Commencing on March 24, 2021, the RSUs shall vest upon satisfaction of two conditions while the recipient remains an employee or provider of services to the Issuer: (a) a time and service requirement satisfied as to 1/16 of the RSUs on each quarterly vesting date following the vesting commencement date; and (b) a liquidity event requirement satisfied on the earliest to occur of the first trading day following the expiration of the lockup period applicable to an IPO of the Issuer's equity securities pursuant to an effective registration statement, March 15 of the calendar year following the year in which an IPO occurs, or a change in control.
The RSUs vest and are scheduled to settle as of 1/16 of the total shares quarterly beginning on March 15, 2023 until fully vested, subject to the Reporting Person's continued service to the Issuer on each vesting date.
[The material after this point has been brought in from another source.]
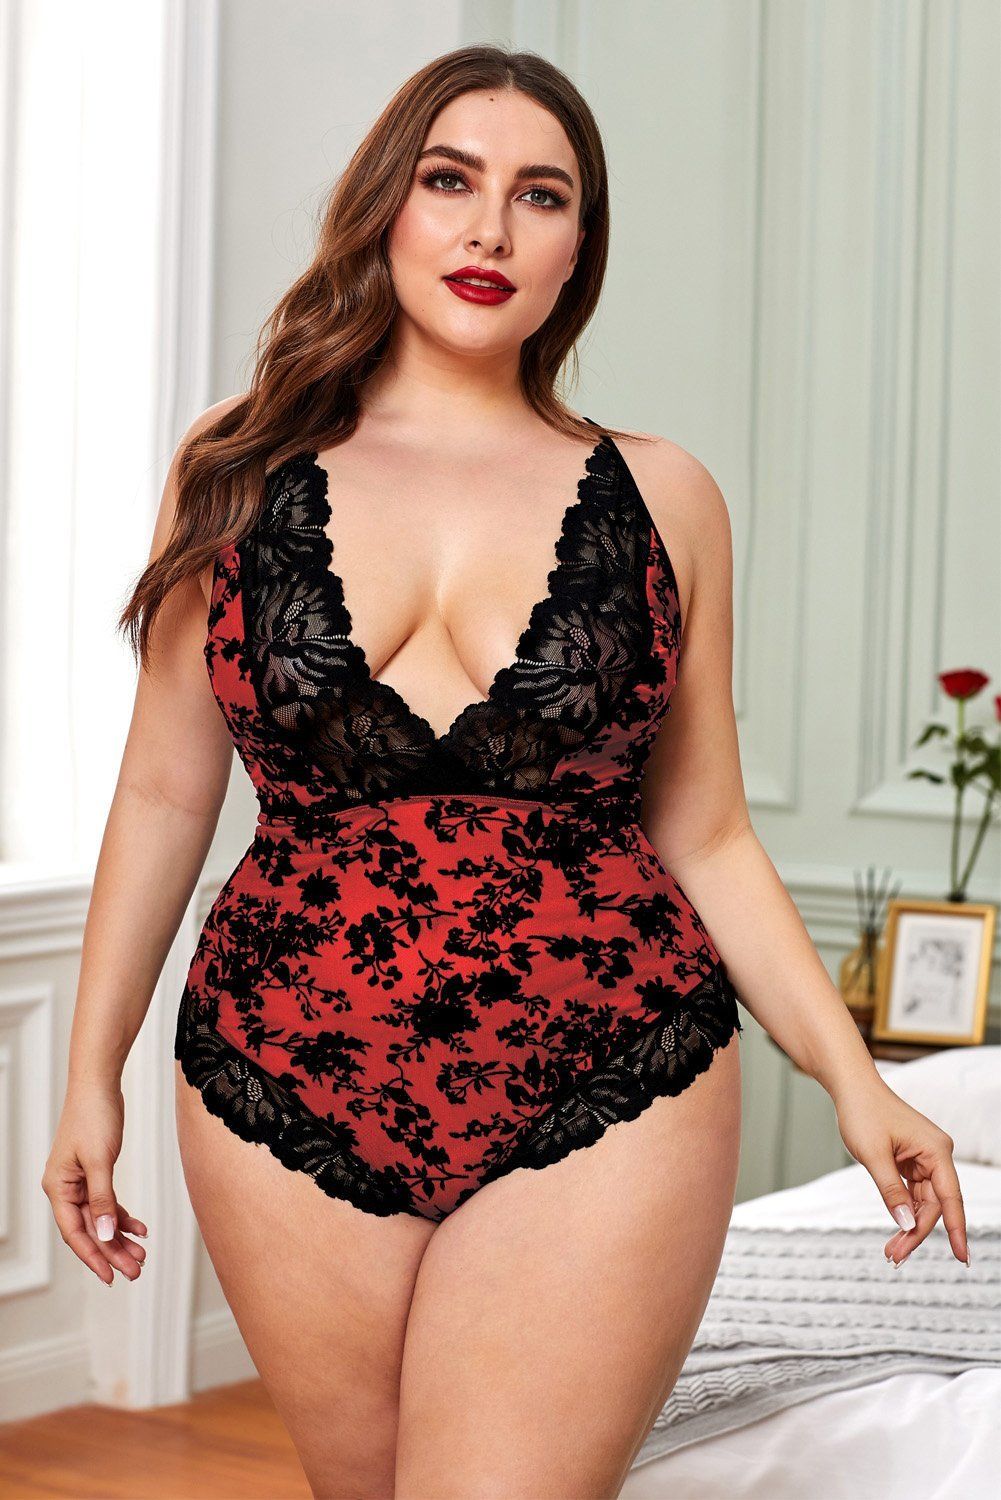 Add a daring yet dainty touch to your lingerie collection with this flirty . plus size teddy Plunging V-neckline with a sheer lace trim Adjustable criss-cross spaghetti straps with a tie back closure All over flocked purple and black floral Thin elastic waistline, a thick lace hem Satin lace-up back panel and a cheeky cut back

Commencing on May 7, 2020, the RSUs shall vest upon satisfaction of two conditions while the recipient remains an employee or provider of services to the Issuer: (a) a time and service requirement satisfied as to 1/16 of the RSUs on each quarterly vesting date following the vesting commencement date; and (b) a liquidity event requirement satisfied on the earliest to occur of the first trading day following the expiration of the lockup period applicable to an IPO of the Issuer's equity securities pursuant to an effective registration statement, March 15 of the calendar year following the year in which an IPO occurs, or a change in control.
Each share of Class B Common Stock is convertible into one share of Class A Common Stock at the option of the holder and has no expiration date.